The Algebra of Contingency Tables & Statistical Applications
- Speaker: Dr. Lawrence Cox (National Institute for Statistical Research)
- Host: John Keane
- 5th November 2013 at 16:00 in University Place 3.204
Many problems on contingency tables, such as obtaining exact bounds for suppressed entries, could be solved using integer optimization. Other problems, inherently statistical, could be solved through a combination of integer optimization and probabilistic methods. The central difficulty is that integer optimization in general is an NP-hard problem, so that solutions are often not computable in practical terms. A notable exception is when the underlying mathematical structure of the table can be represented by a network. Networks enable solutions in quadratic to cubic time, and many tables familiar to statistical applications are of network type. We describe three statistical problems?sampling contingency tables subject to known minimal sufficient statistics, obtaining exact bounds for suppressed table entries, and imputation in tables subject to prescribed bounds on table entries.

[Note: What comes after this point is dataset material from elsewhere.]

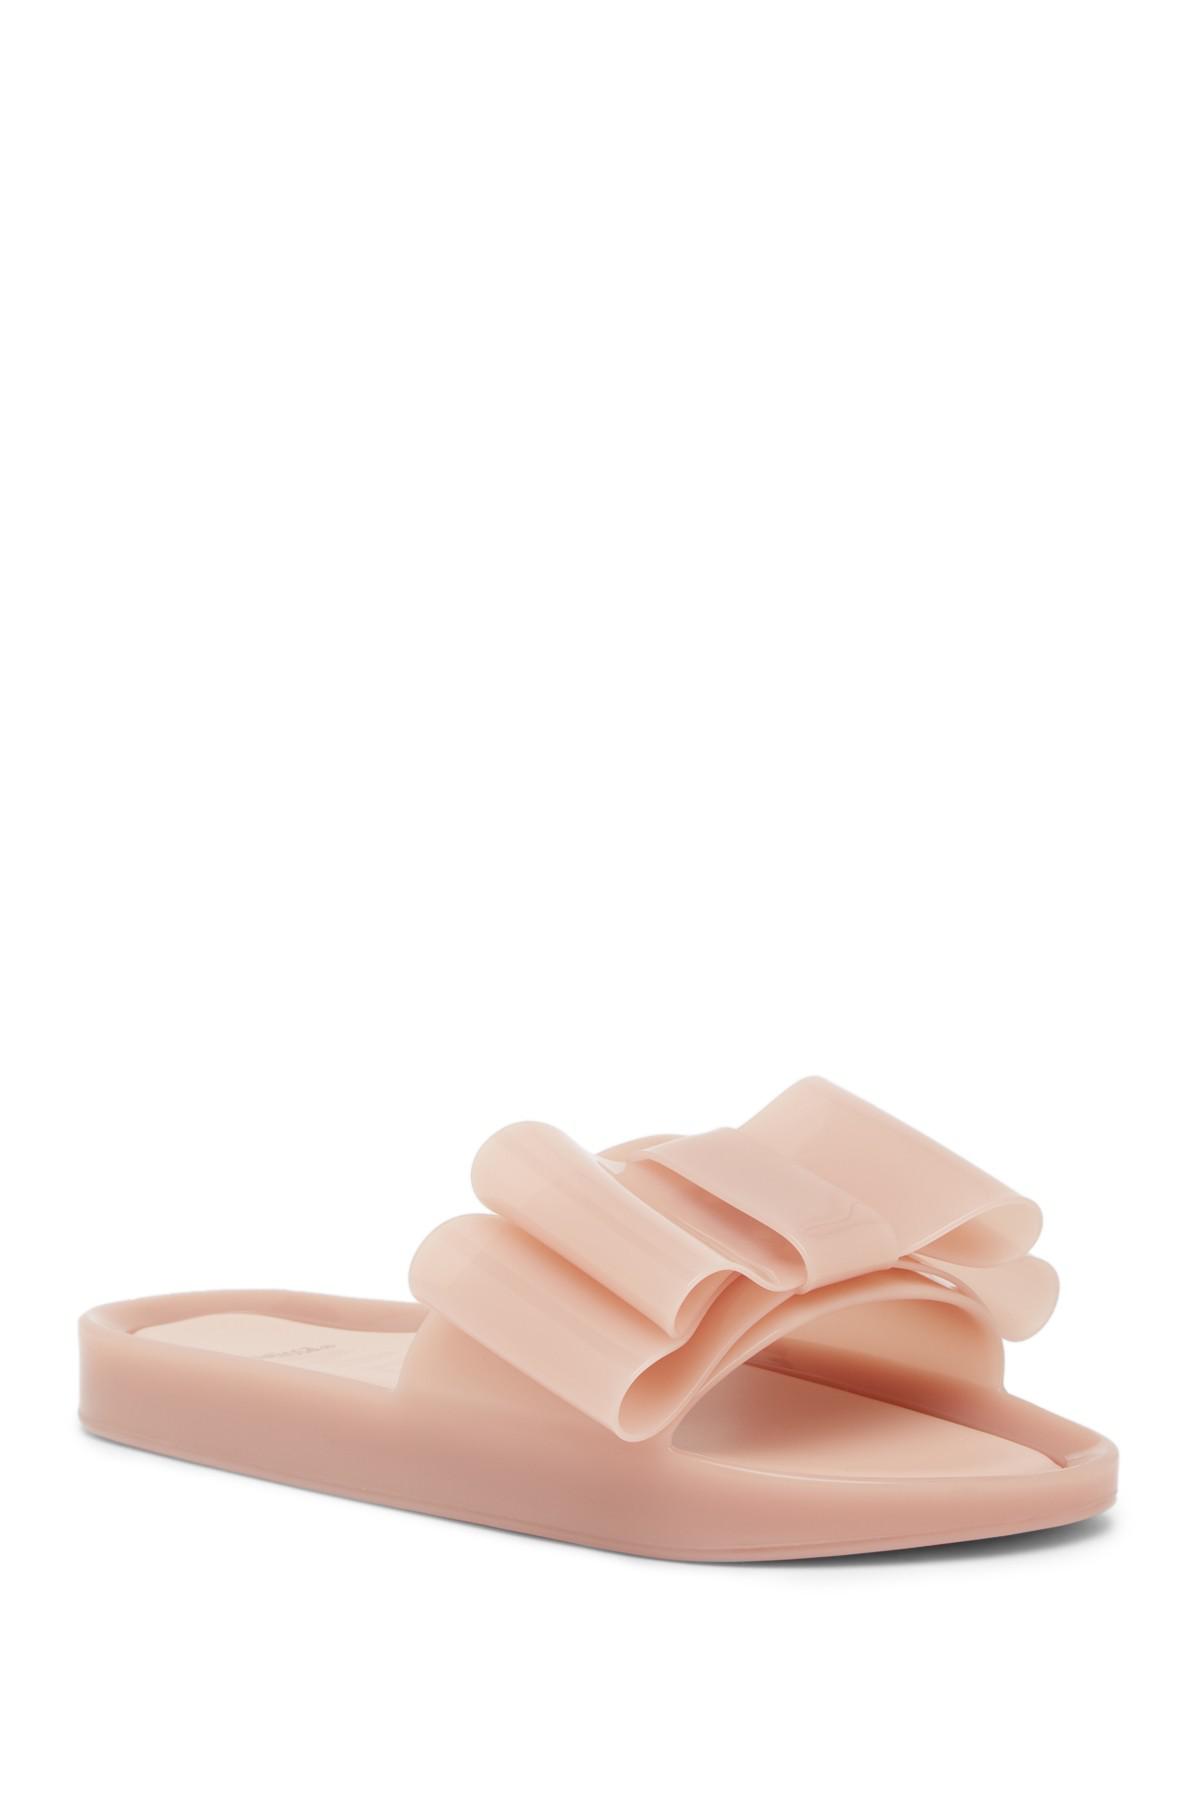 Melissa Beach Bow Jelly Slide Sandal in Pink - Lyst

For the sampling problem, the approach involves a combination of network modeling to equate moves between solutions (tables) with extreme points of a convenient polytope, optimization over the polytope with respect to an appropriate random cost function, and Markov Chain Monte Carlo to ensure that the appropriate distribution over the set of admissible tables is preserved. The MCMC step was introduced in a seminal paper of Diaconis and Sturmfels (1998). Tables here can be 2-, 3- or many-way tables, hierarchies of tables, or linked tables.